# Electric potential of electron

1. Jun 9, 2015

### w3dnesday

1. The problem statement, all variables and given/known data

An electron is placed in an xy plane where the electric potential depends on x and y as shown in the figure (the potential does not depend on z). The scale of the vertical axes is set byVs = 500 V. In unit-vector notation, what is the electric force on the electron?
2. Relevant equations

3. The attempt at a solution
I tried evaluating the graph and seeing as it is a straight line for both the x and y components of the E field i was thinking i could get a partial derivative
∂V/∂x=-(-500v/0.4m)=1250N/C
∂V/∂y=-(100V/.4m)=-250N/C
I think this is where i went wrong.
anyhow, I went on to find the magnitude and direction of the E field
|E|=√(1250^2+250^2)=1274.75N/C
θ=tan^-1(-250/1250)=-11.31°
the next step given the force on an electron as F=qE
finding this for the separate components in vector notation give q=1.6*10^-19C
so F=(1.6*10^-19C)*[(1250N/Ci), (-250N/Cj)]
it is not the right answer so my understanding is failing at a point
thankyou

2. Jun 9, 2015

### Staff: Mentor

Including the picture like this does not seem to work, but this link should work.
How did you get those 500 V and 100 V? The difference between 0 and 0.4 m looks larger in both pictures.

3. Jun 9, 2015

### w3dnesday

oh... derpy me thank you for pointing out my mistake... I know what i did now... i thought that was were i went wrong but i just could not see what it was

4. Jun 10, 2015

### SammyS

Staff Emeritus
Or maybe this way:

... so all can see it.

It might be helpful to explain what I did to make this image visible:

I used the Link provided by mfb .
I'll speculate that mfb looked into the Original Post someway in order to obtain the link.​

I right-clicked on the image which appeared when I followed the link and chose "Copy Image"

Then I simply "Paste"-d the image into the message editor .

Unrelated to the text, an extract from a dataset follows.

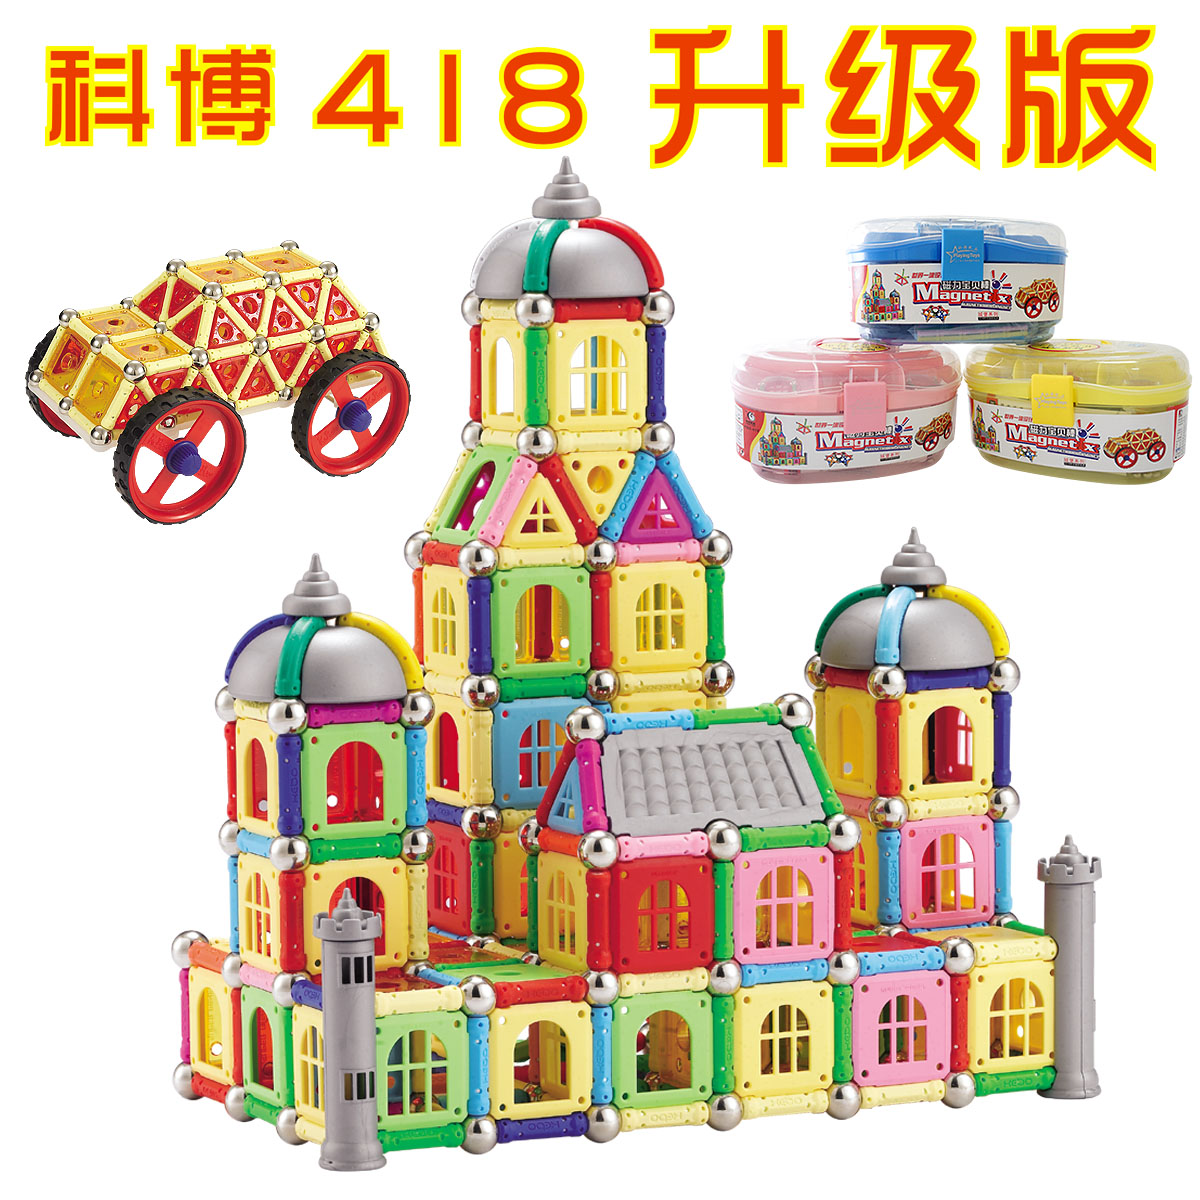 正品磁力棒玩具 科博磁力棒桶装418件城堡系列磁性积木送好礼包邮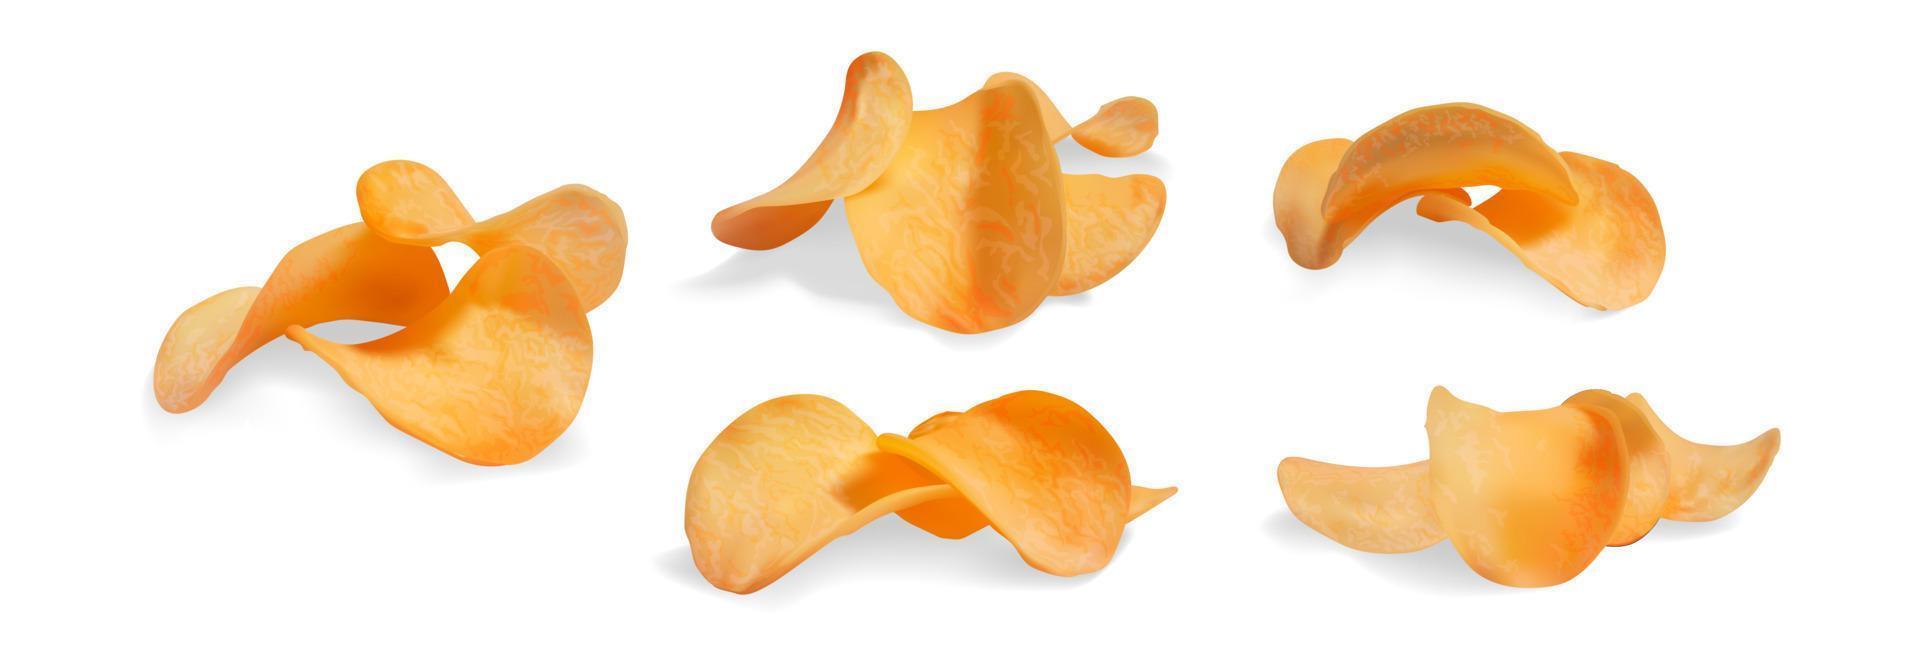 realista detallado 3d crujiente patata papas fritas colocar. vector

An alternative would have been to copy the image to a file on my computer, then use the upload feature at the bottom of the message editor. This method would have the advantage of ensuring that the image will be accessible even if the original image gets deleted or moved or whatever. -- but I was in a hurry and/or was being stingy with my disk space.

Last edited: Jun 10, 2015